Getting used to online marking tools may take a while but there is good evidence that integrated tools save time on the overall marking process. Deciding which tools to use is not necessarily a straightforward matter if the institution supports multiple tools, as the attractiveness of each may vary according to the type of assignment and marking process.

Tip: Emphasising the benefits of online marking and getting internal champions to share their experiences can be an effective way of bringing more staff on board without needing to be strongly directive.

Whilst a lot of effort is expended on comparing and moderating marks, it is less common for programme teams to discuss feedback given to students. Consequently approaches can vary greatly with some feedback being much more comprehensive and useful than other examples.

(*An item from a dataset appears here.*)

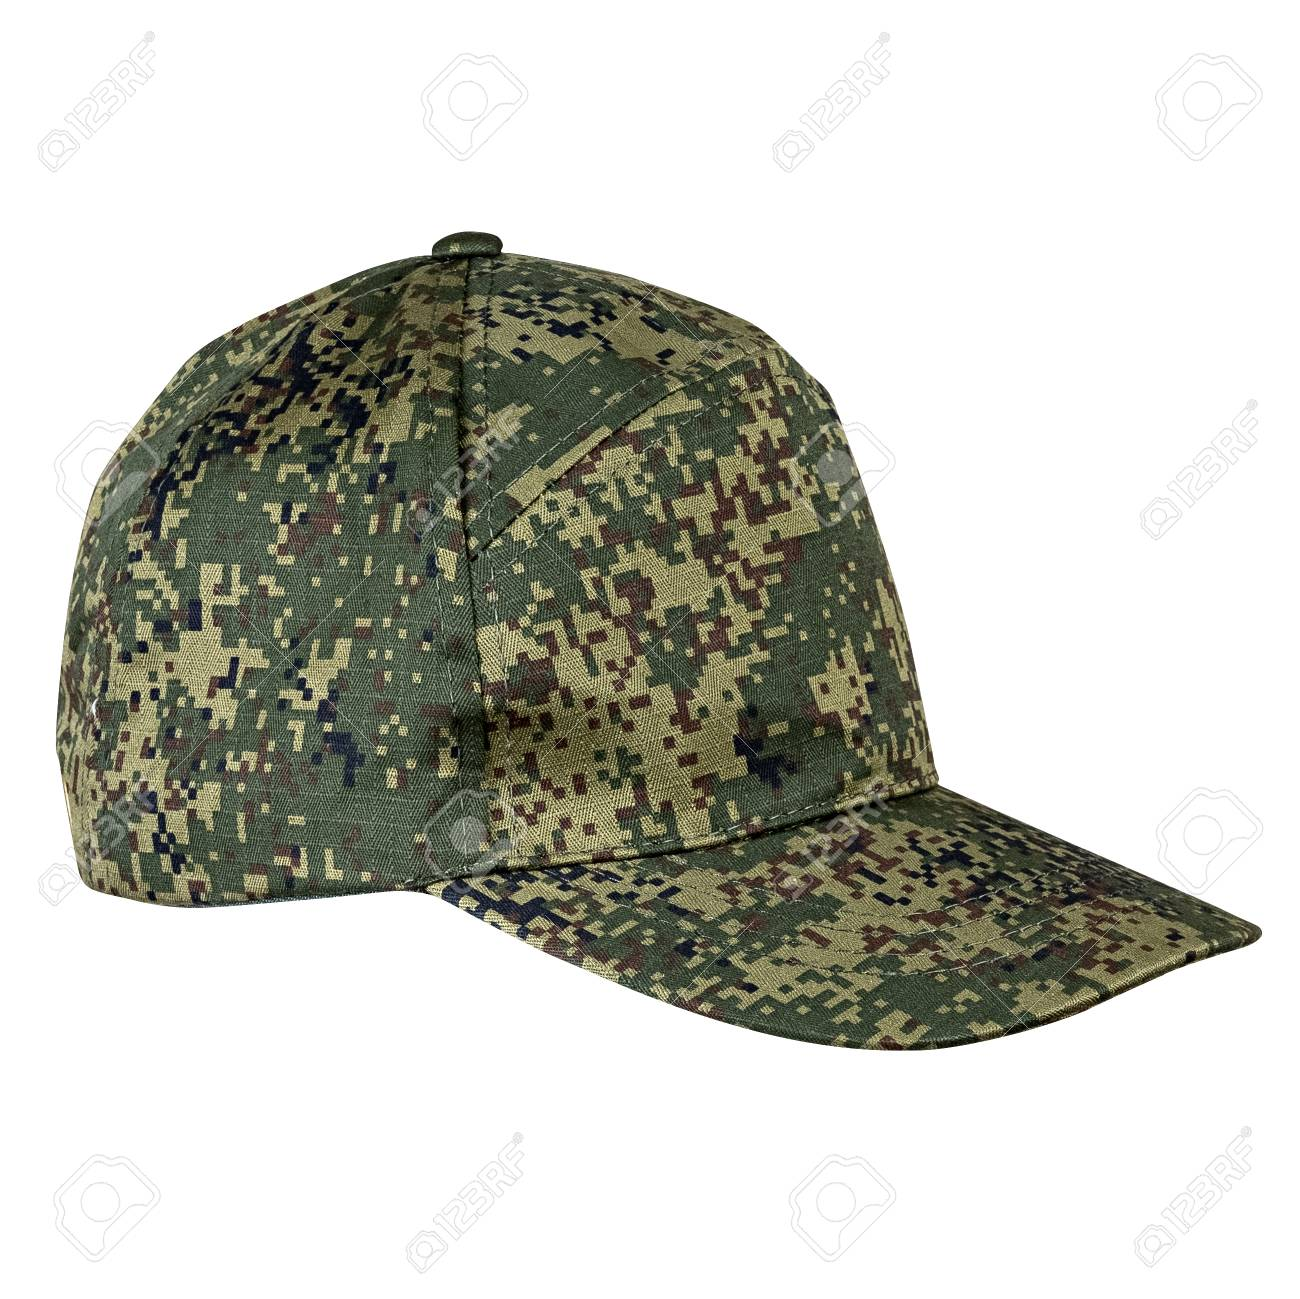 aa33aa4ad356db Military cap, khaki helmet, isolated white background Stock Photo - 75568243

Feedback can take many forms. Praise and feedback on content is less effective in the long term than feedback on skills and self-regulatory abilities. The latter are more likely to develop autonomy in learning and an ability to make evaluative judgements without the support of a teacher. Clarifying what purpose feedback is expected to serve and analysing tutor feedback therefore needs to become normal practice for academic staff.

Tip: Our feedback and feedforward guide provides more ideas on giving effective feedback and tools for monitoring and comparing feedback.

Giving feedback can be very time consuming for academic staff and some staff may question whether the time spent is worthwhile if they are not confident that students are using and acting upon the feedback. See our section on reflecting for more help on this topic.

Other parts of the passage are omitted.